I began to think of myself, an underemployed tax payer cum start-up business owner and my taxes being wasted on government contracts like that.

My mind at the same time drifted to my mentor: “My family’s motto is ‘Truth’”.

I began to think of truth in private and in public life; so I relinquished the project.

The Advisory guru’s advice flashed back when “the four auditing firms and their Engagement partners” were recently fined by Institute of Chartered Accountants Ghana (ICAG) cumulatively some 2.2 million cedis (USD386K) for the audit/advisory fraud that collapsed seven ghanaian banks and destroyed many lives.

The logic of the ICAG decision is seen in what one commentator wrote when BP was fined USD20 billion by the Obama administration for spilling oil into the Gulf of Mexico: BP must continue to be in business in order to raise monies and pay the fines.

By extrapolation, if you withdraw the licenses of the individual auditors, accountants and advisors, how will they pay the fines?

The individual professionals themselves were not sanctioned at all.

Thus falsely empowered, professionals will continue to misbehave.

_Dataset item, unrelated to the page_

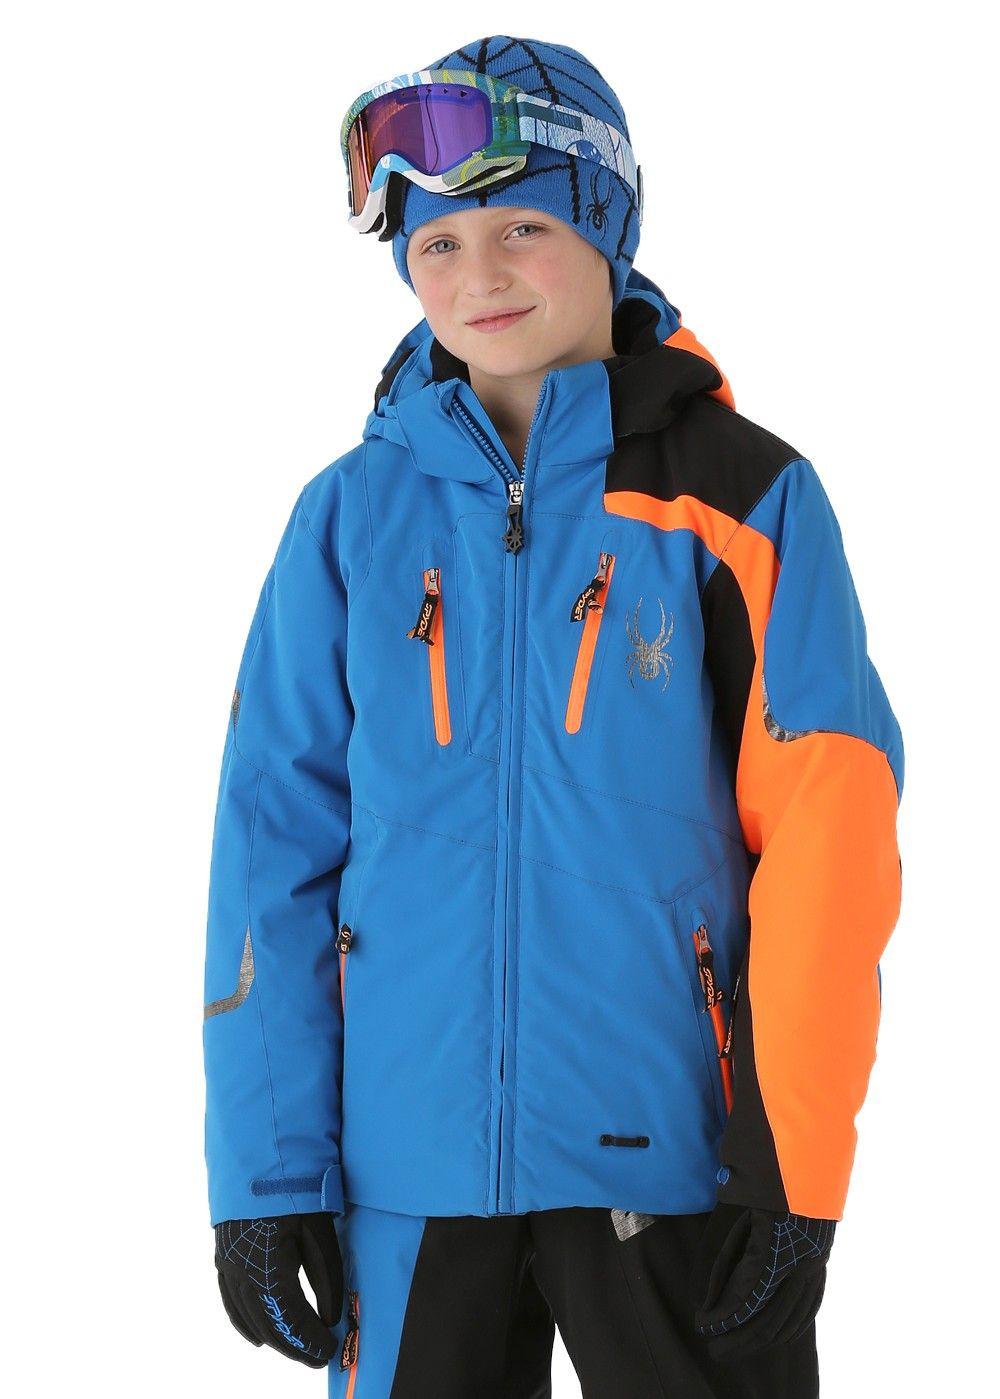 Spyder Boys Avenger Jacket Collegiate Black Neon Orange Broncos Colors At Winterkids Com Boys Jacket Stylish Winter Jacket Boys Coat [ 1399 x 1000 Pixel ]
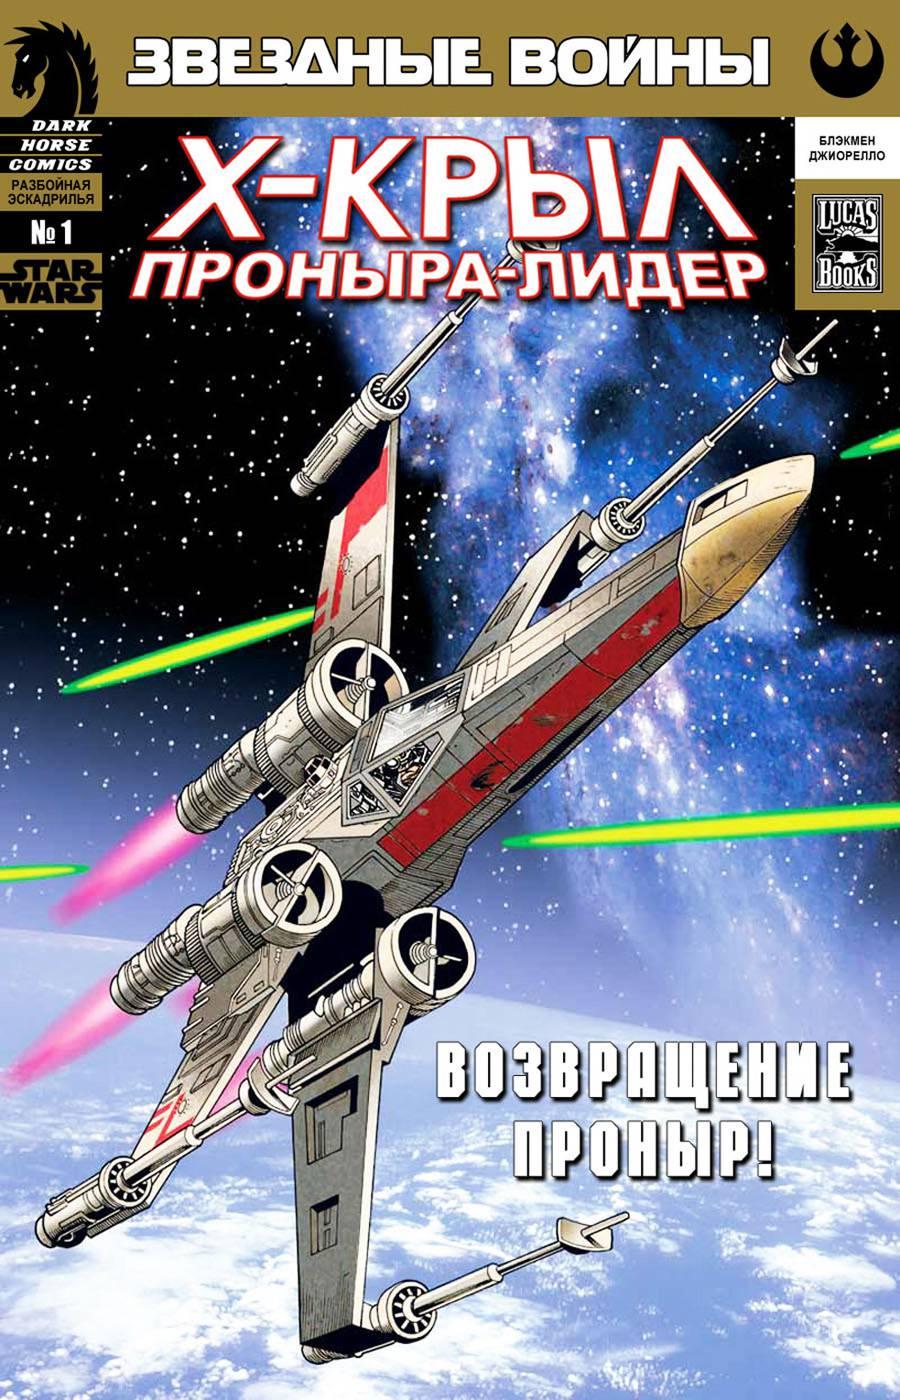 Звездные Войны: Х-Крыл: Проныра-Лидер №1 онлайн

In August 2018, writersghana.com wrote emails to some auditing firms, including this guru’s auditing/advisory firm to explain their role in the banking scandal.

They have yet to respond.

The majority of Ghanaians today, just like Angolans live on less than USD2 a day.

Their lives are mired in insecurity, disease, poor sanitation and a useless educational system.

Meanwhile in spite of all the laws on the books, so called “reputable” Western firms such as PwC, KPMG, regulatory agencies in Western nations, unprincipled shady lawyers, macho men and women gang up to protect the Isabella dos Santoses of this world for years, while they travel around the world often in the company of fawning windbag celebrities and groveling politicians.

Accounting/Auditing/Advisory firms operating in Ghana must tell the public the truth about their modus operandi now; their operations ought to be carefully scrutinized by the regulatory agencies and vigilant citizens.

And their individual principals and partners who flaunt their international credentials should be asked to reposition their thumbs in order to deflate their innards and egos.

The terrible financial carnage wrought on the people of Angola by Isabella dos Santos and her international cabal of bankers, auditors and accountants must put us all on guard since that same cohort…..including “anointed” goons are already here with us in ghana feeding fat.